Chanteuses et lectrices

Ces derniers jours, deux chanteuses ont délaissé la musique, les partitions et les vocalises pour offrir au public leur voix parlée. Pour dire, lire et jouer en solo complet. Deux chanteuses au tempérament singulier, au répertoire florissant. D'une part Juliette qui, dans le cadre historique de la Conciergerie, nous a plongés dans l'univers onirique des fabliaux et contes médiévaux. D'autre part, Sapho, femme de lettres, connaisseuse du verbe, qui s'est laissé attirer vers l'art de dire les mots après les avoir tant écrits.

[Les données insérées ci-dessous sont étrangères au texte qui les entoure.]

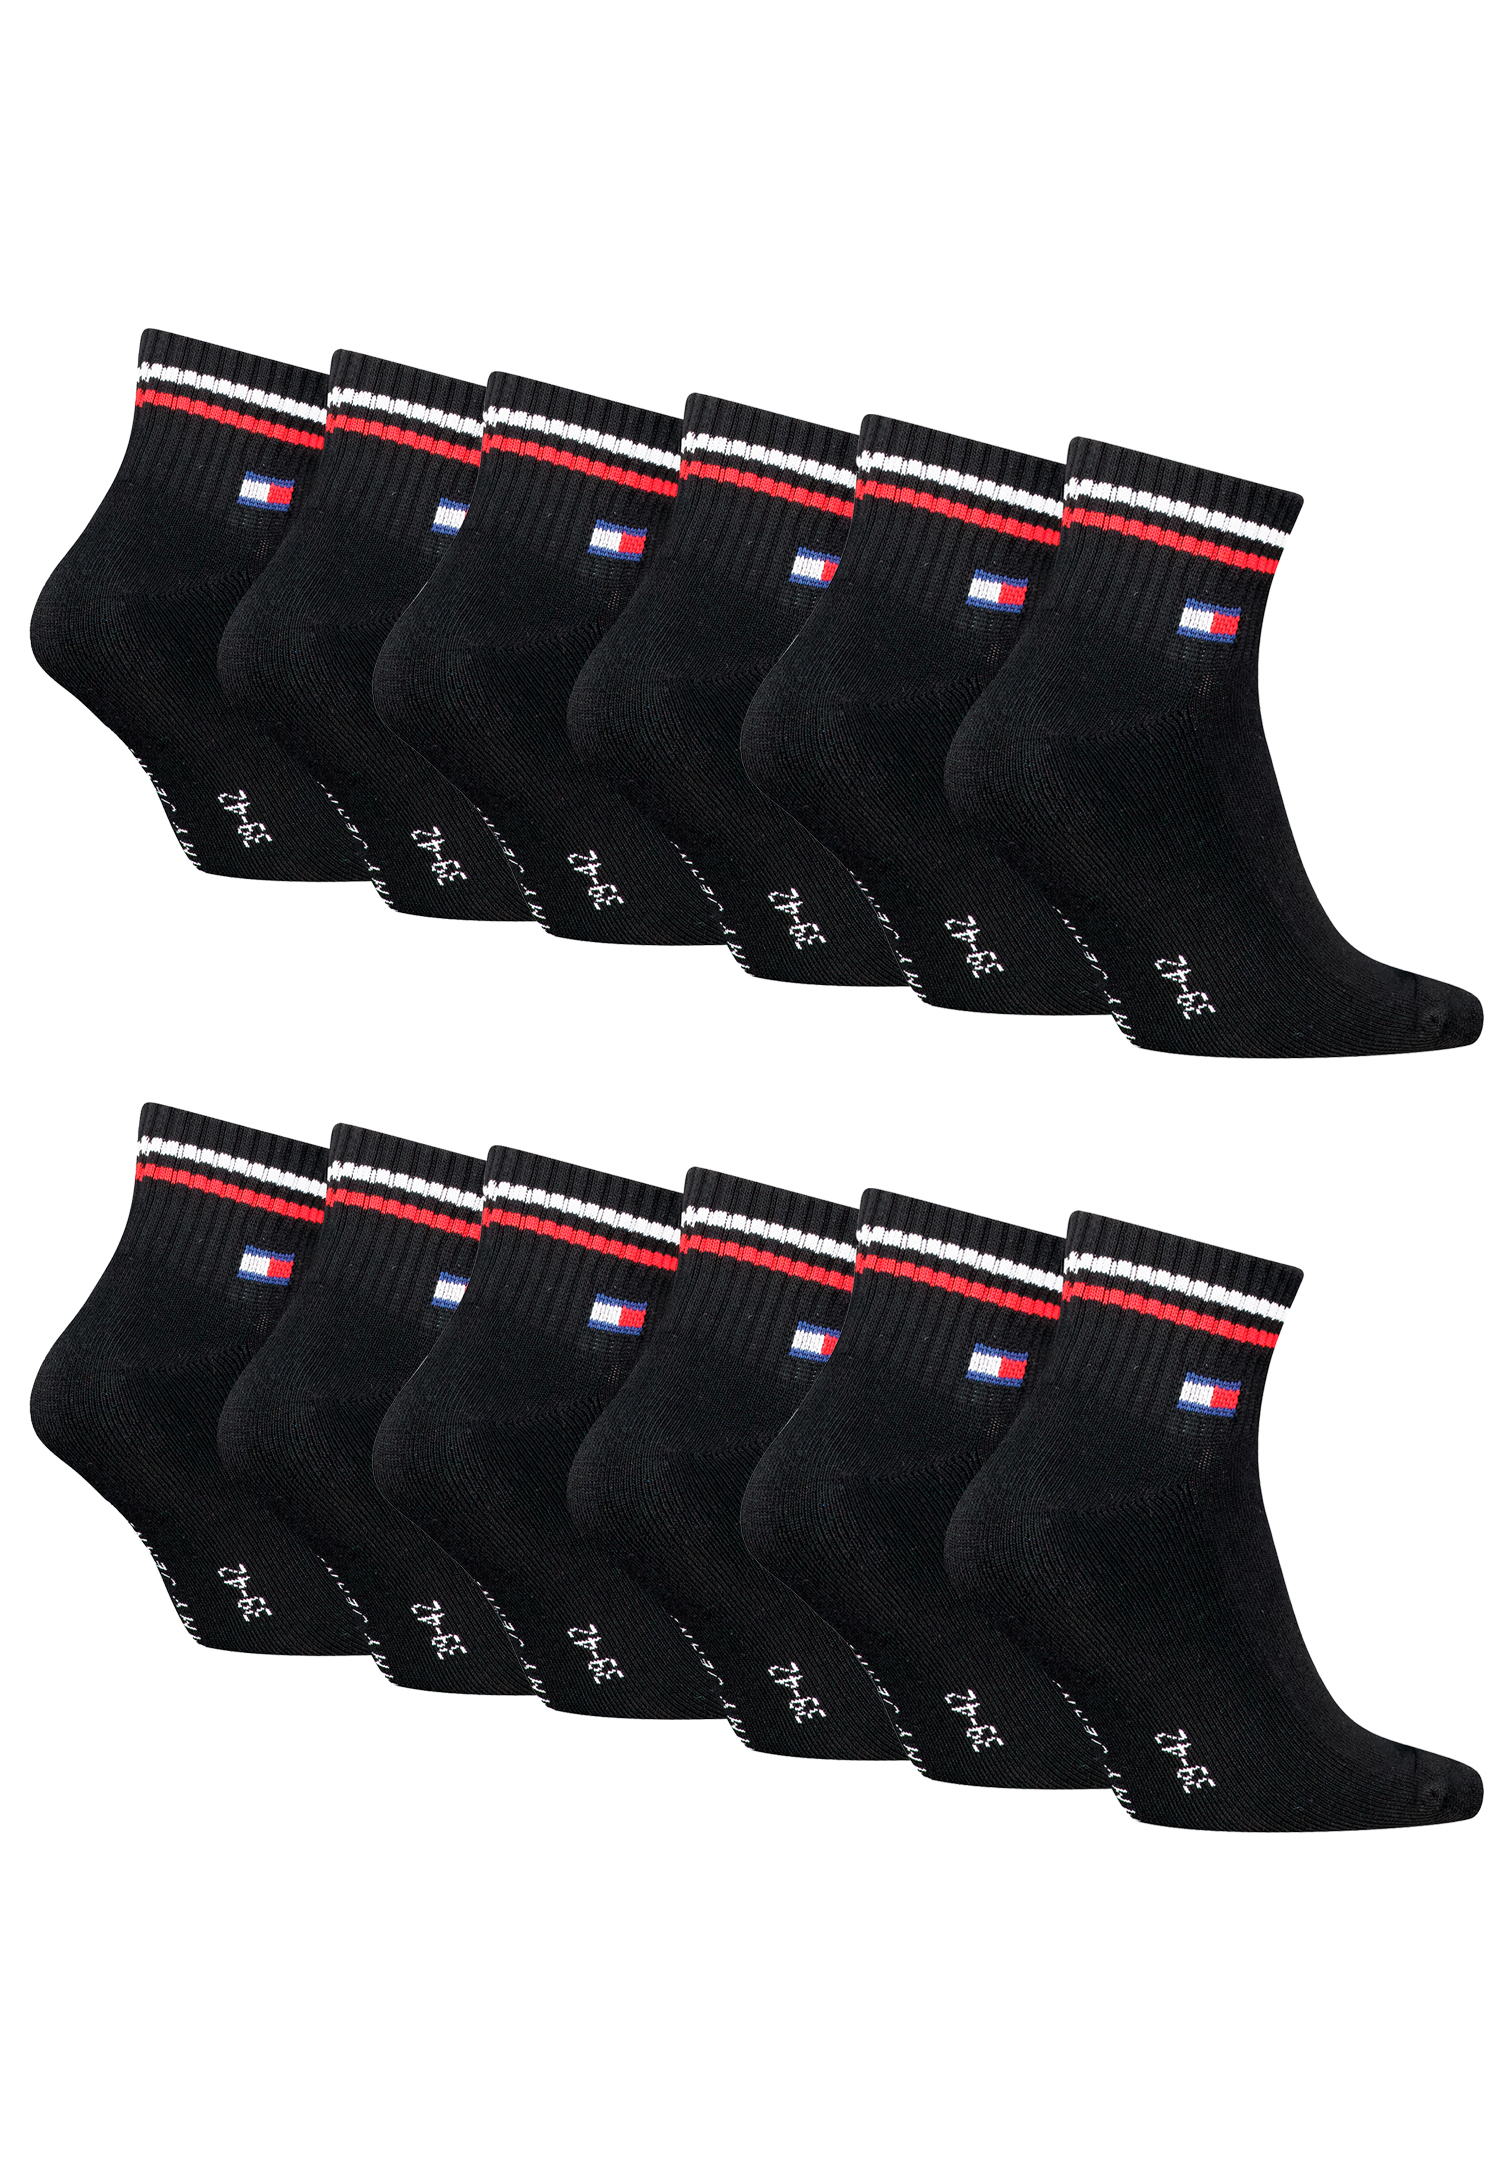 Tommy Hilfiger Unisex Quarter Socken im Retro Design knöchelhoch 12-er Pack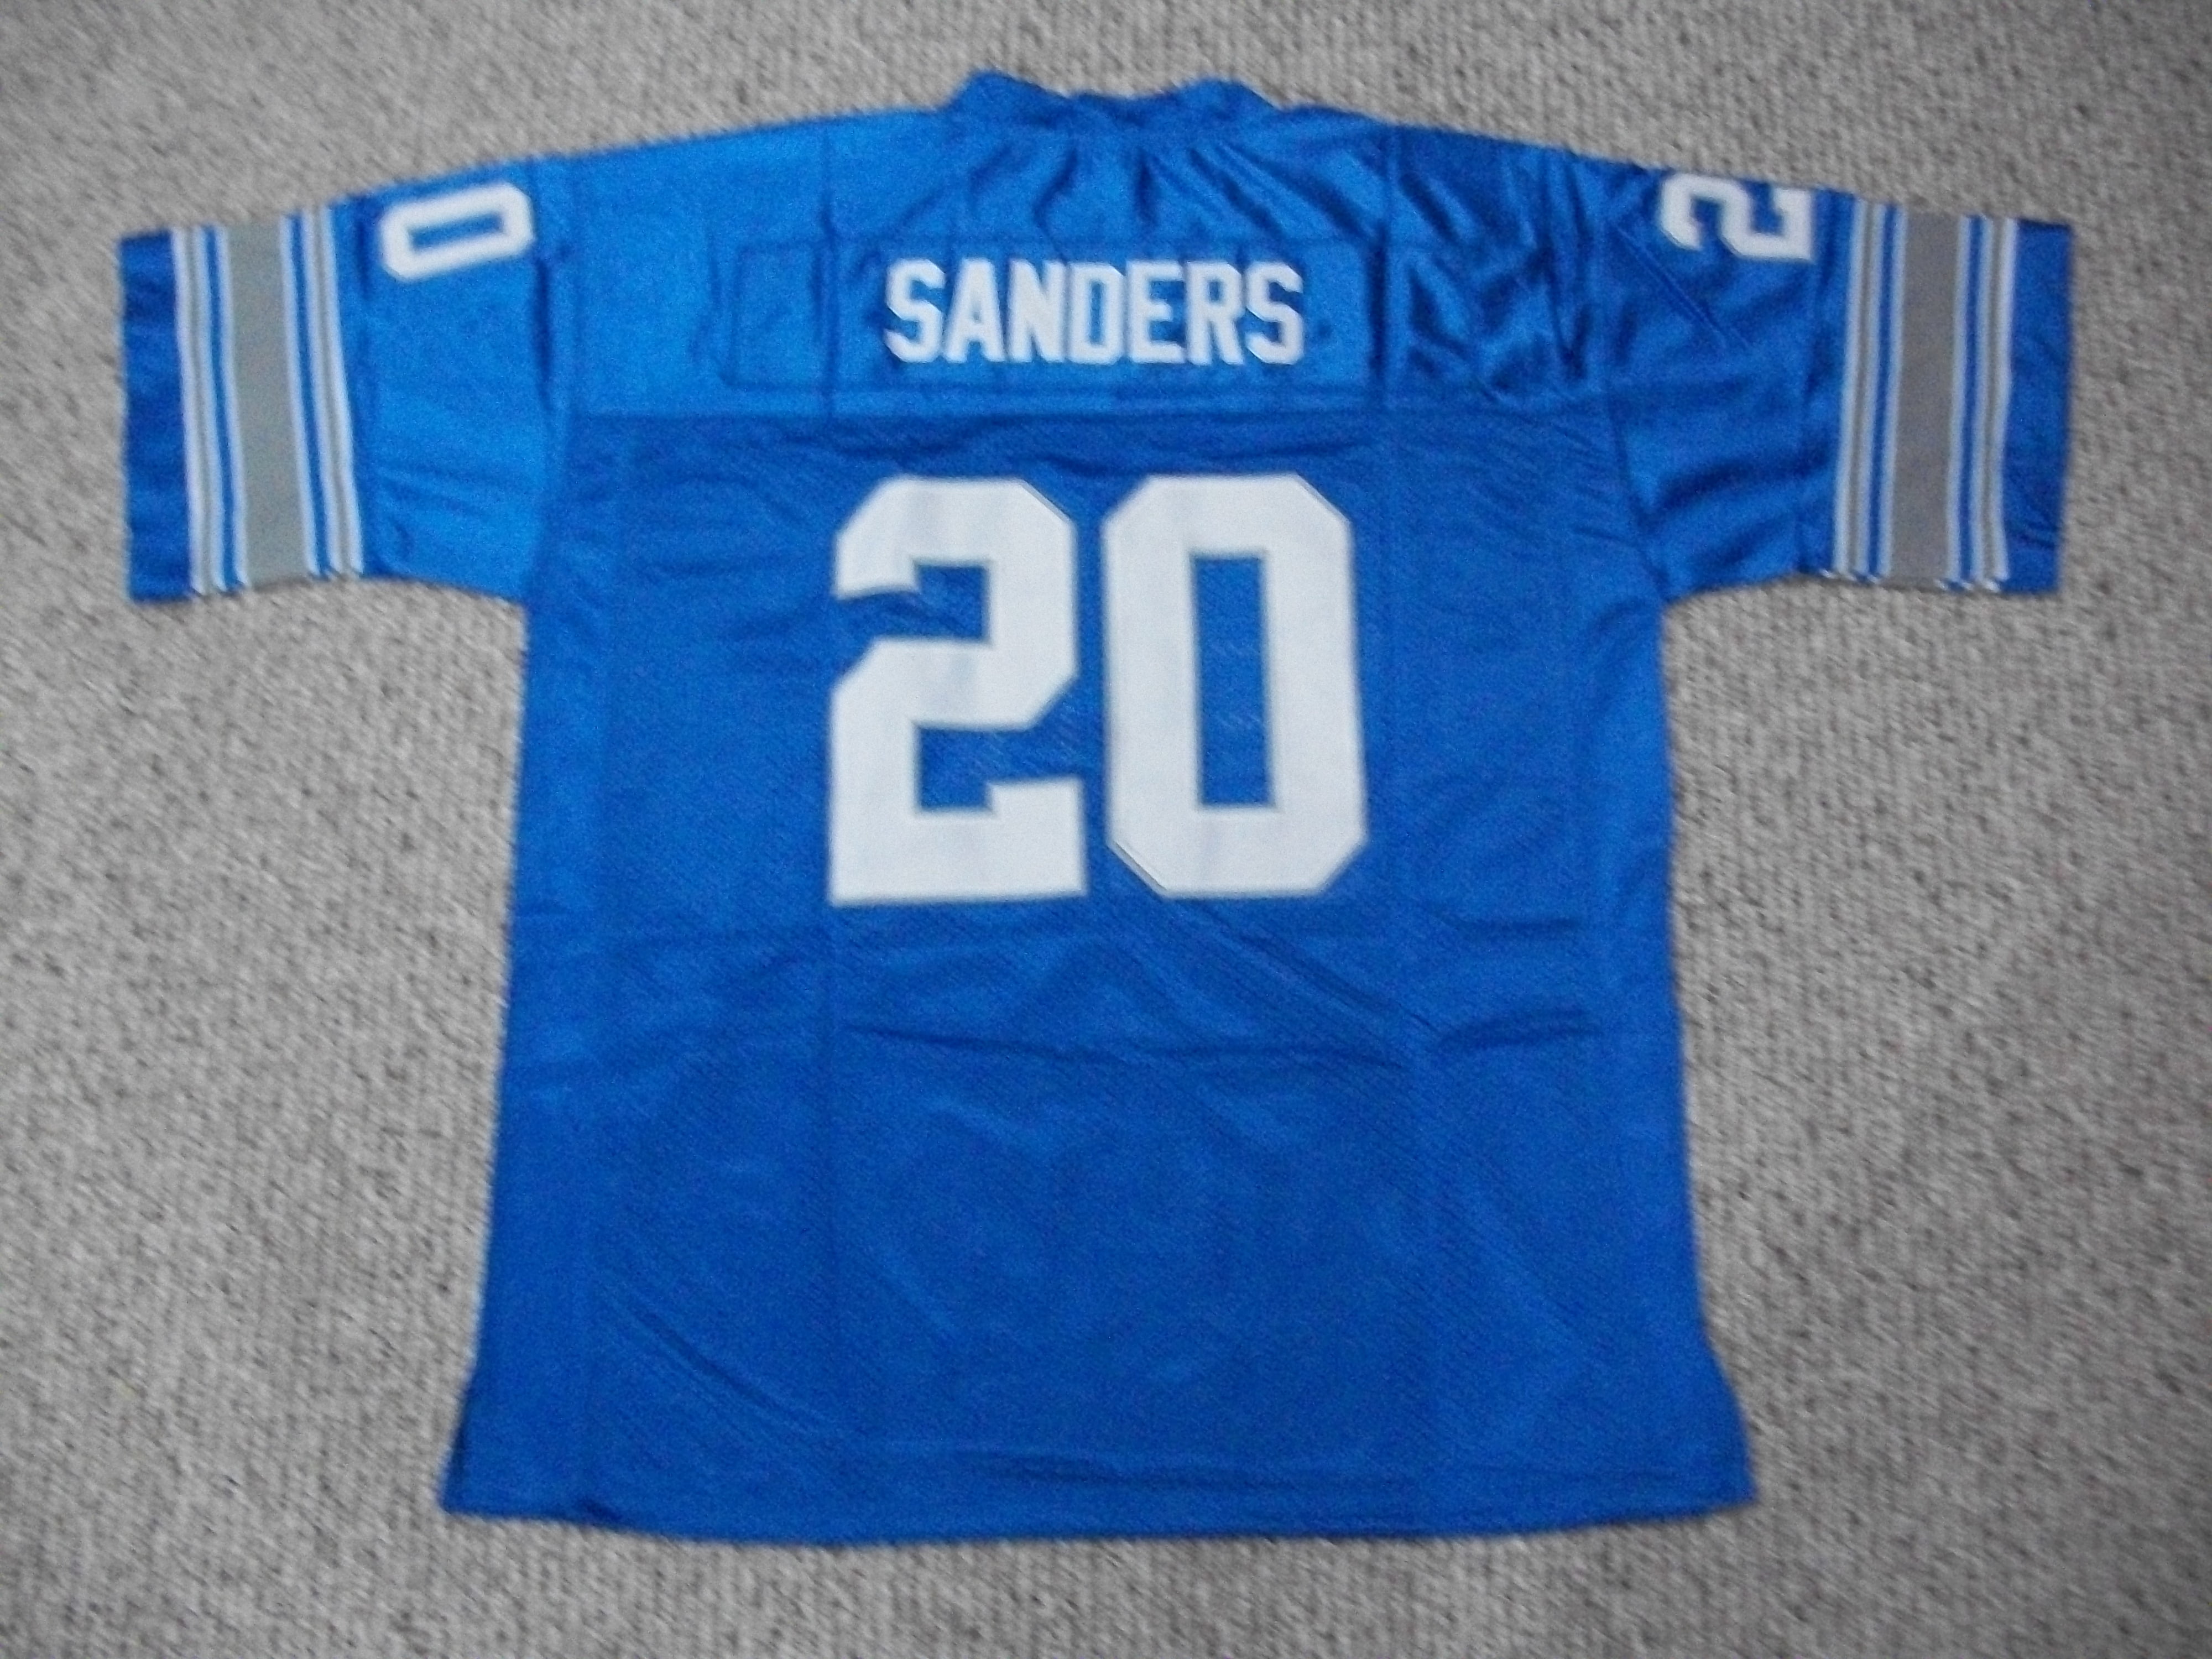 sanders jersey 20

Juliette et Sapho disent textes et poèmes

Ces derniers jours, deux chanteuses ont délaissé la musique, les partitions et les vocalises pour offrir au public leur voix parlée. Pour dire, lire et jouer en solo complet. Deux chanteuses au tempérament singulier, au répertoire florissant. D'une part Juliette qui, dans le cadre historique de la Conciergerie, nous a plongés dans l'univers onirique des fabliaux et contes médiévaux. D'autre part, Sapho, femme de lettres, connaisseuse du verbe, qui s'est laissé attirer vers l'art de dire les mots après les avoir tant écrits.

Elle est loin l'époque où sur scène, entre deux chansons, Léo Ferré lisait Apollinaire, où Reggiani récitait Baudelaire et Montand, Prévert. Les chanteurs aiment les poètes et les beaux textes. Mais peu ont osé consacrer un spectacle entier à cette autre passion. L'art est difficile et la différence entre le chant et la parole est pour beaucoup trop redoutable à exploiter sur scène. Jeudi 28 septembre, Jean-Louis Murat s'est cependant laissé aller à ce plaisir en lisant les Lettres à Essenine de l'Américain Jim Harrison lors des Nuits de la correspondance à Manosque (Alpes-de-Haute-Provence). Le lendemain, c'est Juliette, chanteuse de son état, qui se lançait à l'assaut d'une littérature médiévale profane et populaire face à son public pour le moins curieux de cette parenthèse expérimentale.

Juliette lit

Les représentations ont pour décor les voûtes gothiques de la Conciergerie, célèbre prison parisienne du XIVème en quai de Seine, dont la captive la plus fameuse fut la reine Marie-Antoinette qui y séjourna avant de se faire étêter. Dans un coin de la salle d'armes longue de 69,30m, Dame Juliette arrive en chantant, chandelle à la main, telle une diseuse de bonne aventure. Diseuse, c'est ce qu'elle est derrière sa table d'où elle ne bouge pas de tout le spectacle, la seule mise en scène étant plus une mise en décor qui rhabille les murs de lumières et d'images. Fabliaux, contes, cette littérature drôle et parfois grivoise, en marge d'une religion alors omniprésente, ne pouvait que séduire la chanteuse. Et pourtant, l'idée n'est pas d'elle mais de Philippe Corbin, le monsieur-spectacles de la Caisse Nationale des Monuments Historiques, lequel, sans doute inspiré par la personnalité de Juliette, lui a proposé de lire quelques textes choisis au milieu de plusieurs dizaines : "Ce qu'on m'a proposé était très divers, des contes amusants, fantastiques, quelques coquineries, une grande variété pas si éloignée de mes chansons." Ménestrels, bossus, fées, chevaliers et damoiseaux, pimentent ces récits vieux de presque huit cents ans, passionnant un public du XXIème siècle de tous âges et fort attentif.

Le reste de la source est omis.